Джексон, потрясенный, смотрел на нее. Боже! Эта женщина действительно лжива? Кому лучше, как не ему, адъютанту полковника, знать – приходили ему письма или нет. Ему писали из дома, но только не жена!
Срывающимся от волнения голосом Джексон произнес:
– Мне нет надобности лгать вам, миссис Шэффер. Я знаю, что...
– Сержант, – вдруг вмешался в разговор мистер Шэффер. Голос его дрожал. – Я не позволю оскорблять свою невестку в моем доме!
– Но, сэр...
– Она говорит правду, сержант. Я могу засвидетельствовать, что очень часто видел ее письма Эмилю, лежащие на столике для корреспонденции, откуда у нас все забирает почтальон.
Теперь Джексон изумленно посмотрел на отца командира – что за сумасшедший дом?!

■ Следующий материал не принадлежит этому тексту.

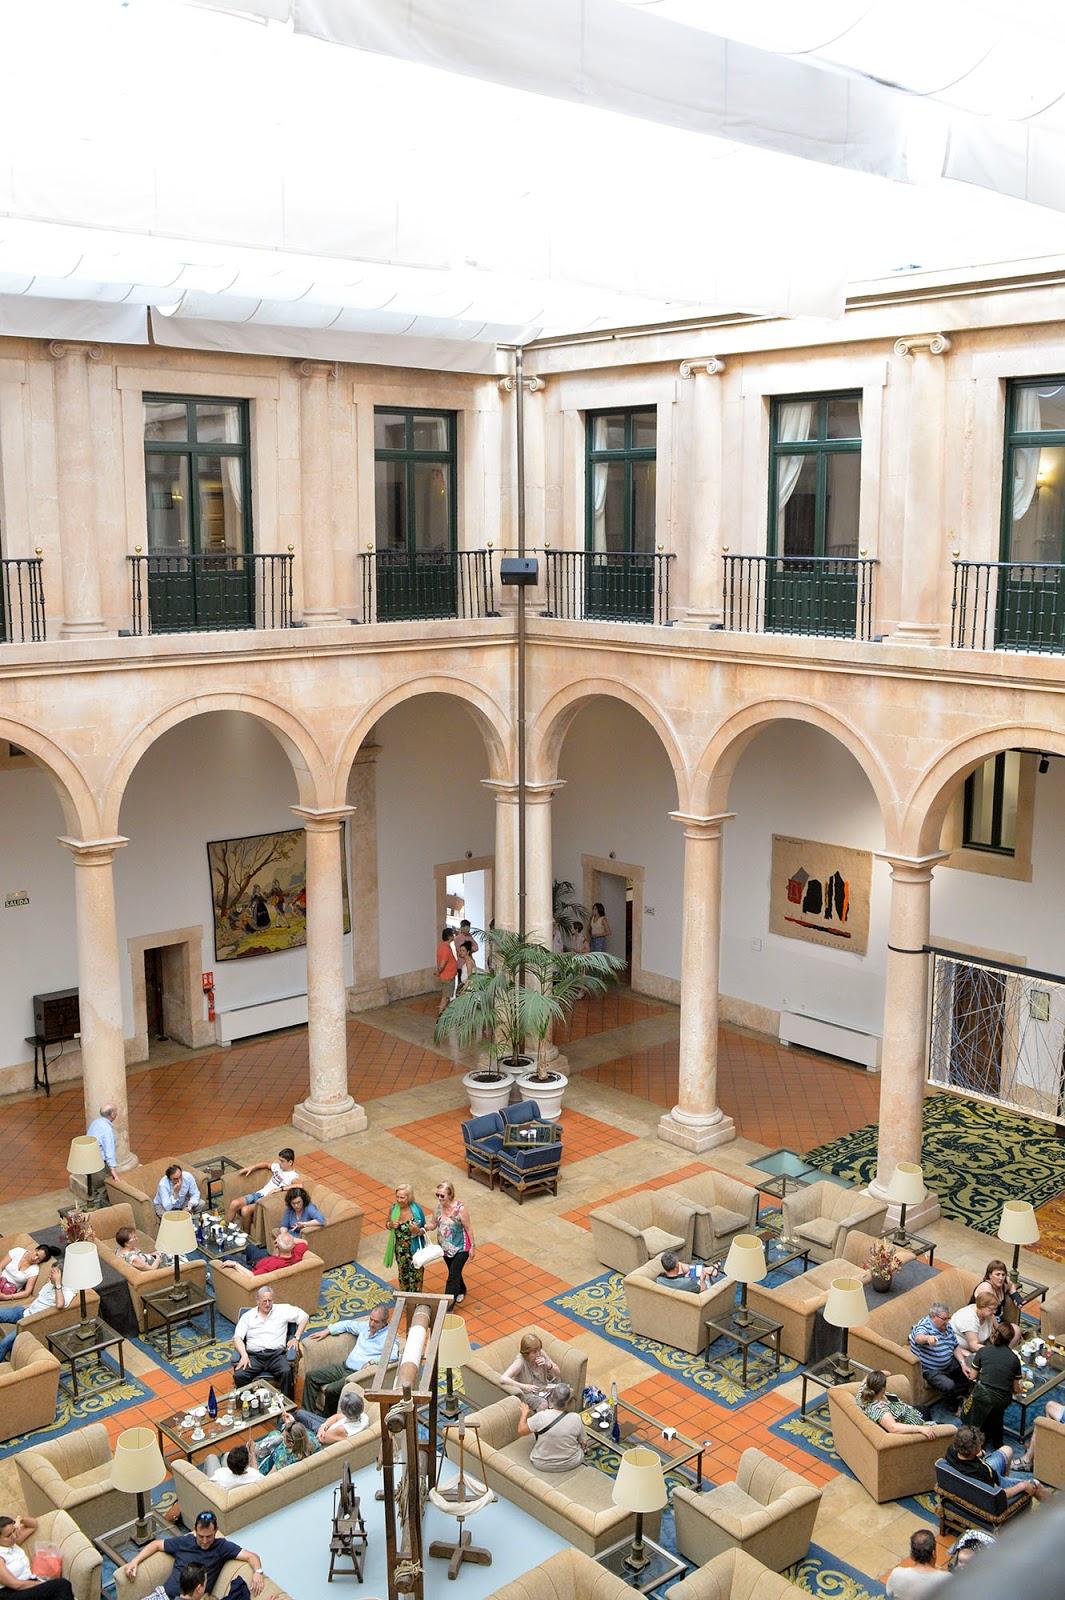 lerma burgos spain castile leon parador hotel ducal palace beautiful village

– Но... но... сэр! – волнуясь и запинаясь, продолжил сержант. – Я точно видел и знаю, что от жены командир не получил ни одного письма. Да вы его самого спросите! Ему-то зачем лгать?
– А зачем лгать мне или мистеру Шэфферу? – опомнившись, уже спокойно сказала Патриция.

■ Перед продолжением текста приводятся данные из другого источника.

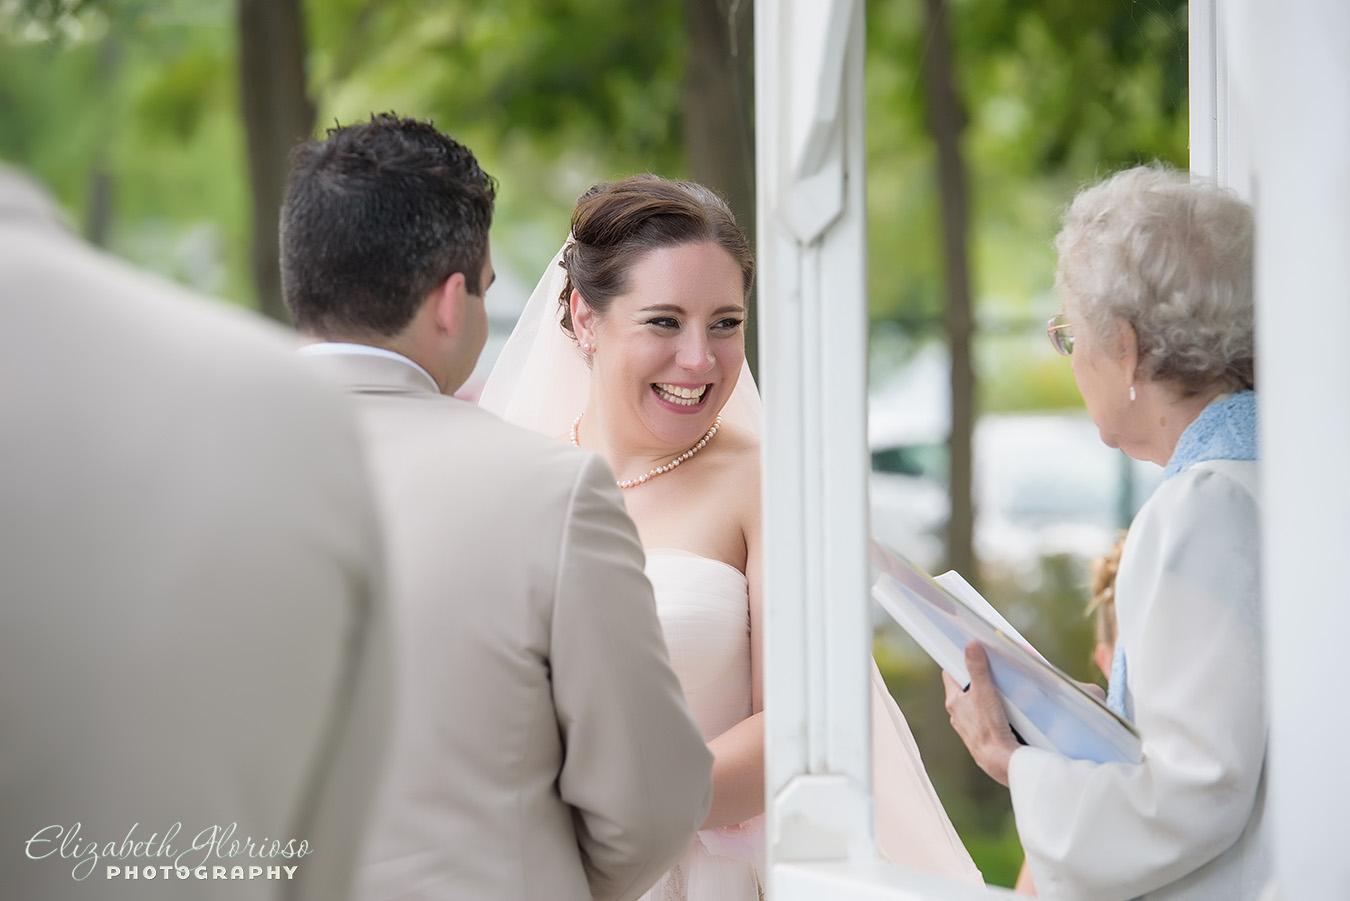 Vermilion_wedding_Glorioso Photography_1028

– Но, может быть, вы неправильно писали адрес? – тихо спросил Джексон.
– Да, и ведь письма ни разу не возвратились домой, а переадресовать их неправильно уже не могли... – задумчиво заметила Патриция.
– Знайте же! – вдруг раздался громкий голос Фрэнсис.
Все обернулись к ней. Она стояла смертельно бледная, дрожащая, ее глаза горели каким-то безумным блеском.
– Я возненавидела ее сразу, потому что она была так похожа на Талиссию, и заполучила моего брата тем же способом, что и моя мать моего отца! Я не хотела, чтобы Эмиль был так же несчастен всю жизнь, как отец! Я хотела, чтобы он понял, какого сорта эта женщина, и ушел от нее. Я думала, что он поначалу он будет переживать, а потом – все пройдет. Я любила Эмиля и не хотела причинять ему зла. Я не думала, что он так ее любит, что станет искать смерти...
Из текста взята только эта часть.